For the first time since the species was discovered a century ago, a live colossal squid has been caught on video in its natural habitat. The footage was captured by a remotely operated vehicle called the ROV dubbed SuBastian near the South Sandwich Islands on March 9, 2025, and the discovery came as quite a shock to the researchers monitoring the live feed. The ROV was 1,968 feet below the surface of the water when a young squid swam across its path, a sight that researchers called “beautiful and unusual.”
The colossal squid ( Mesonychoteuthis hamiltoni ) was first identified in 1925 when two arm crowns were found in a sperm whale’s stomach near the Falkland Islands. British zoologist Guy Coburn Robson examined the remains and formally described the species, naming it after E. Hamilton who made the initial discovery.
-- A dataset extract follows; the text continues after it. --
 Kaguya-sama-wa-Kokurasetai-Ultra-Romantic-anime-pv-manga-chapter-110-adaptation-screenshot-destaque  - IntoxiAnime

For decades, any knowledge about the colossal squid was limited to similar fragments. It wasn’t until 1981 that a complete specimen was recovered, and later in 2003, researchers found a 17.7 foot subadult female weighing around 661 pounds.
In 2007, the largest known specimen, weighing around 1,091 pounds, was captured and is now displayed at the Museum of New Zealand Te Papa Tongarewa.
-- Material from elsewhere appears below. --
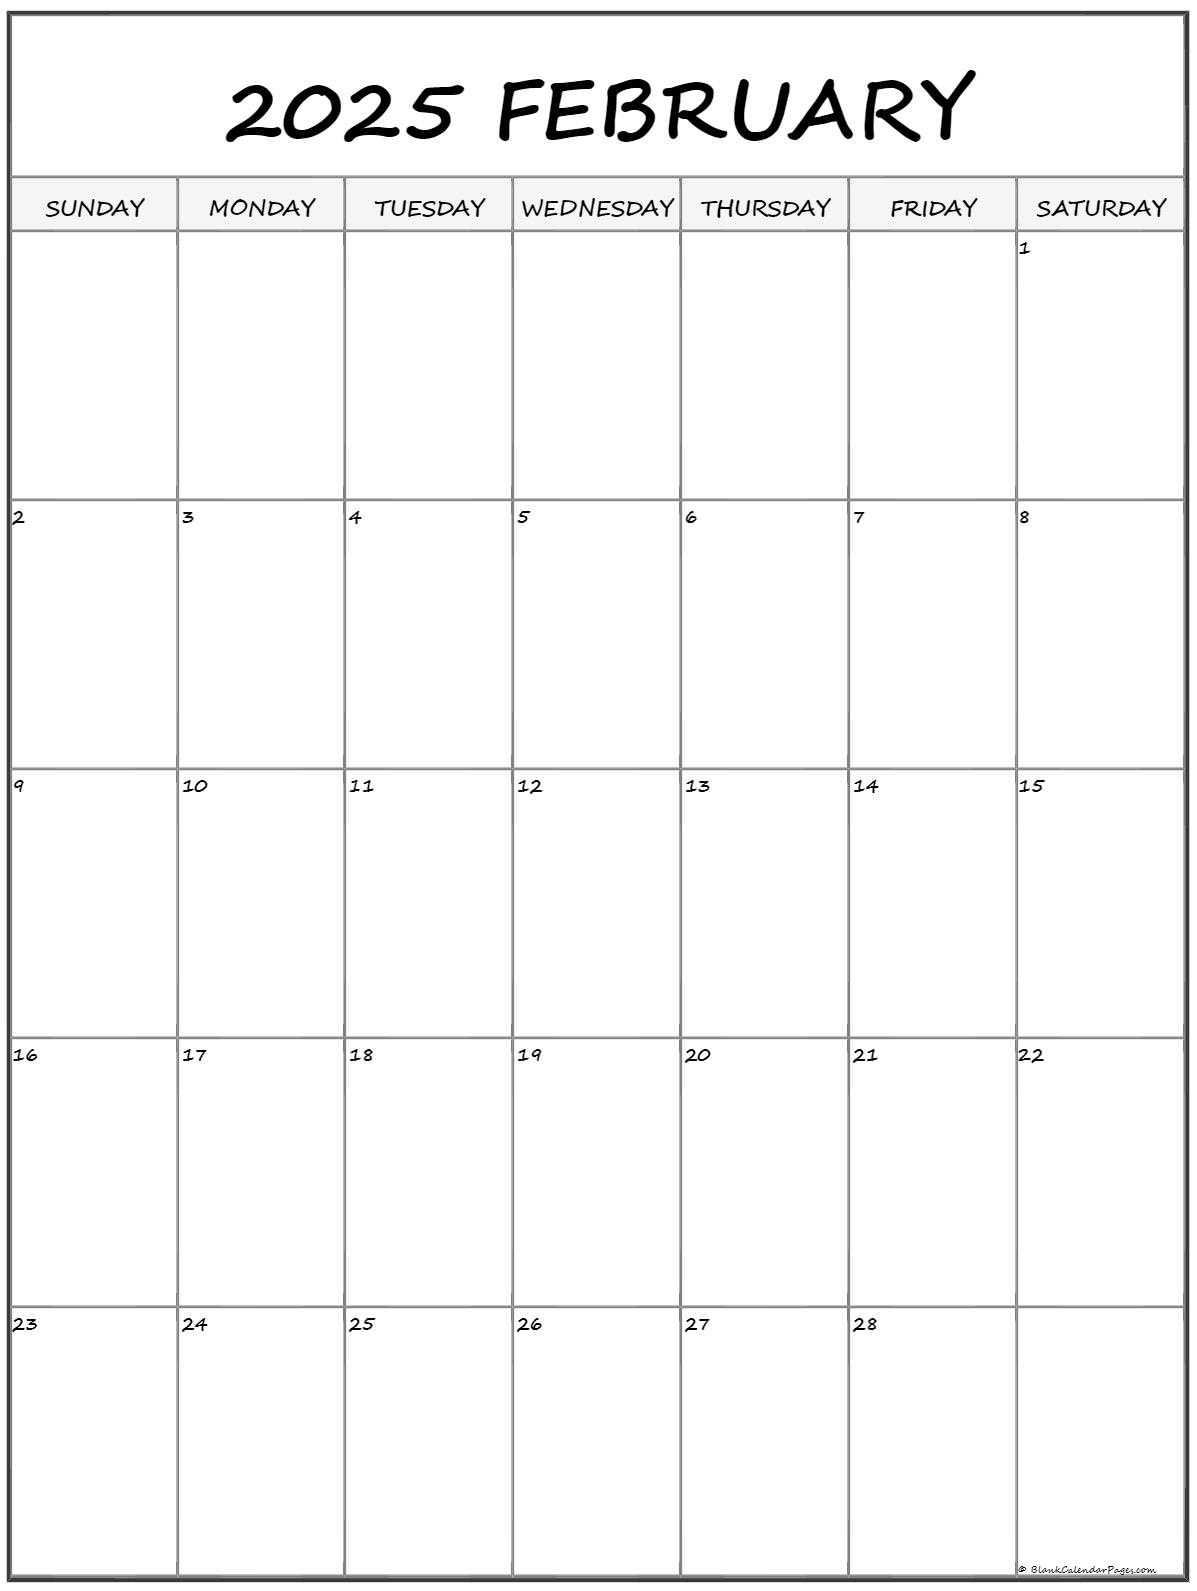 February 2025 Free Calendar

However, in all that time, the colossal squid managed to remain largely elusive. Researchers had never observed the species in its natural deep sea habitat, and even now, they hadn’t expected to.
Yet last month, a team of international researchers and crew on board the Schmidt Ocean Institute’s RV Falkor ( an oceanographic research vessel ) used the ROV SuBastian to capture live footage of the deep ocean.
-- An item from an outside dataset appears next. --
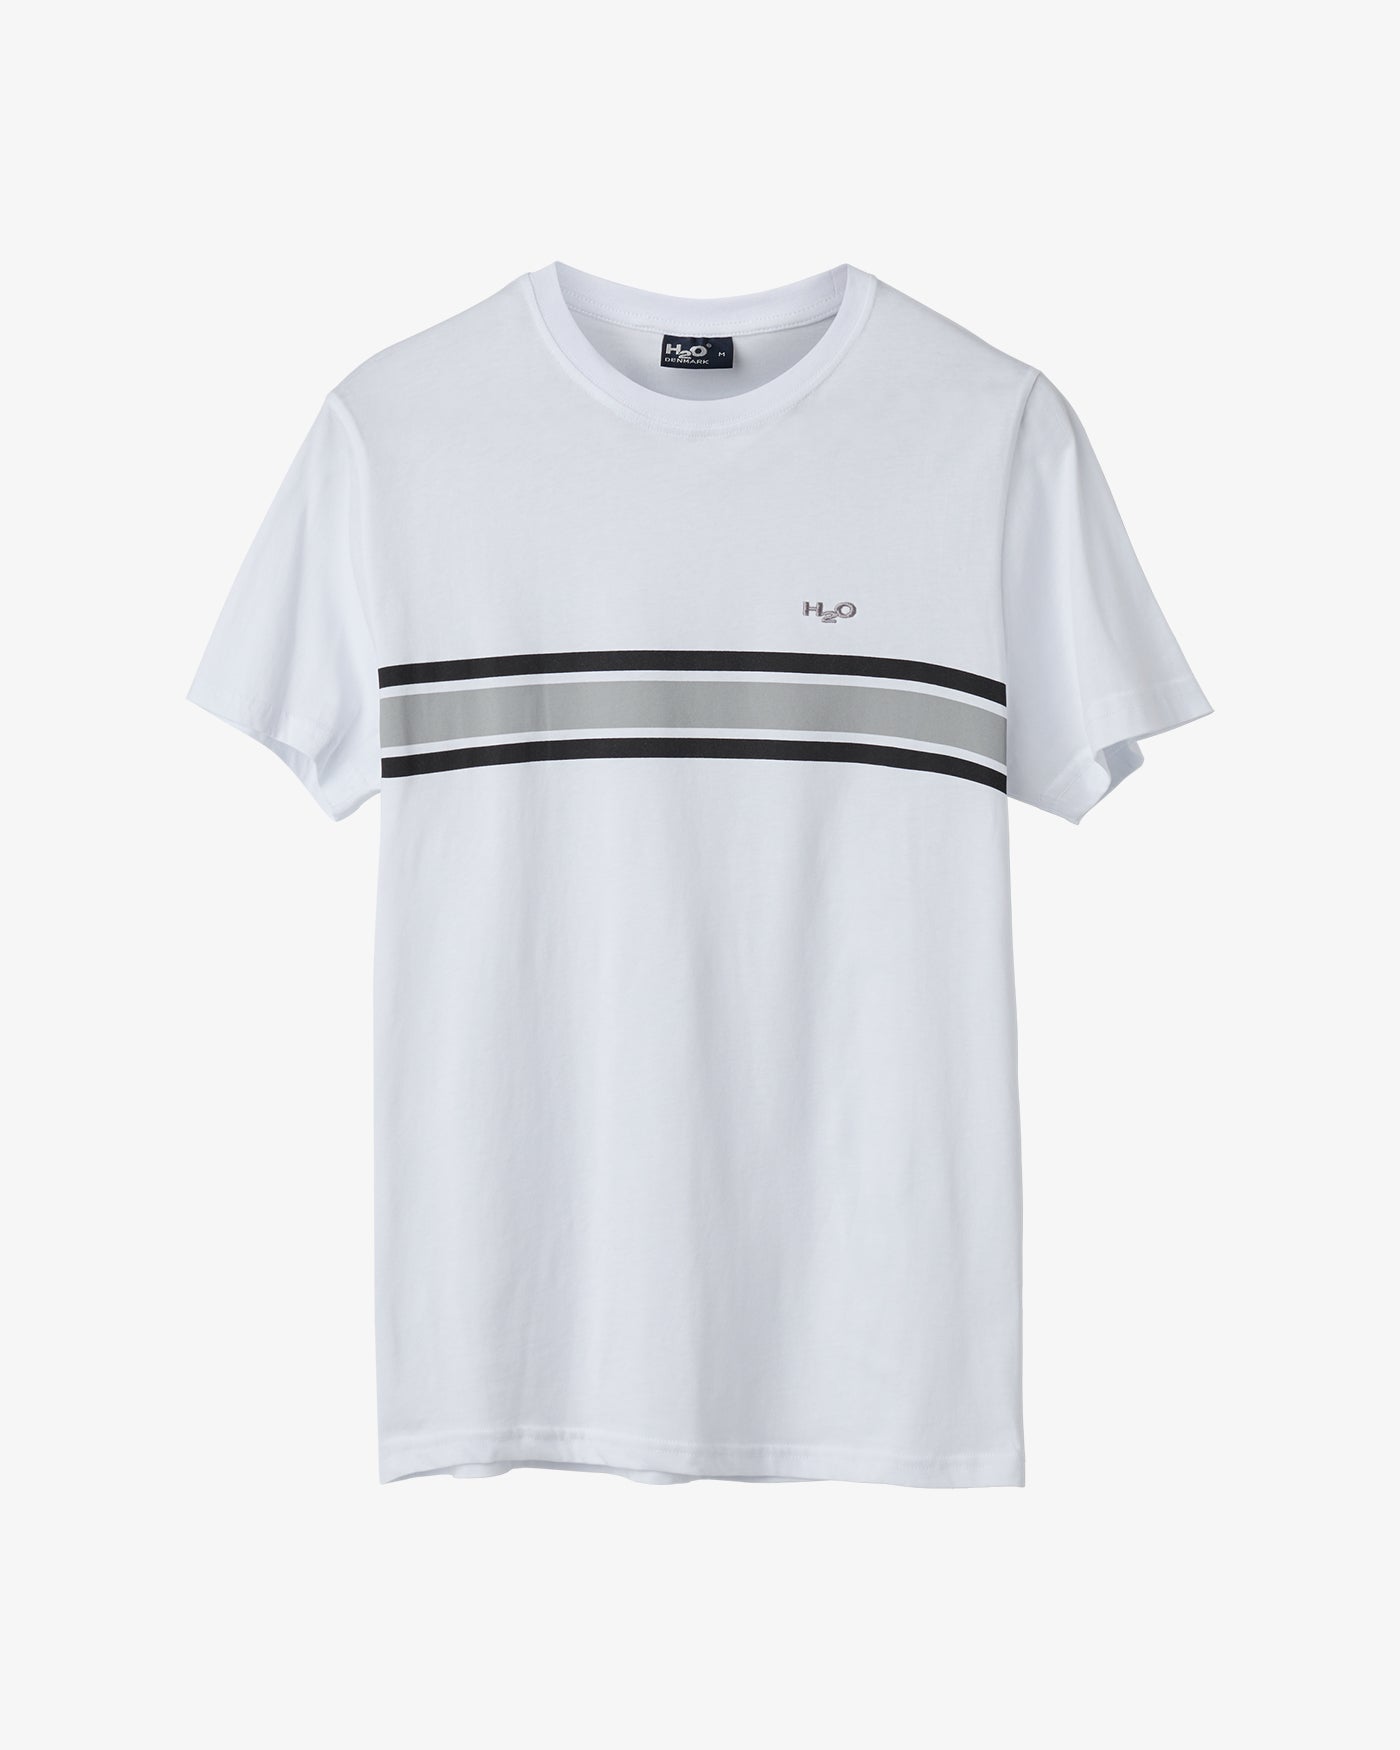 Gilleleje T-shirt Wmn - White/Black/Grey/Black

“It’s exciting to see the first in situ footage of a juvenile colossal and humbling exist,” said Dr. Kat Bolstad, a cephalopod biologist at the Auckland University of Technology, in a press release. “For 100 years, we have mainly encountered them as prey remains in whale and seabird stomachs and as predators of harvested toothfish,” Bolstad continued.
Even more remarkably, just two months prior, on January 25, 2025, a previous team on the Falkor had also captured the first confirmed footage of another elusive squid, the glacial glass squid ( Galiteuthis glacialis ) in the Southern Ocean near Antarctica, yet another species that had never been seen alive in its natural environment.
“The first sighting of two different squids on back to back expeditions is remarkable and shows how little we have seen of the magnificent inhabitants of the Southern Ocean,” said Schmidt Ocean Institute’s executive director, Dr Jyotika Virmani. “These unforgettable moments continue to remind us that the ocean is brimming with mysteries yet to be solved,” said Virmani.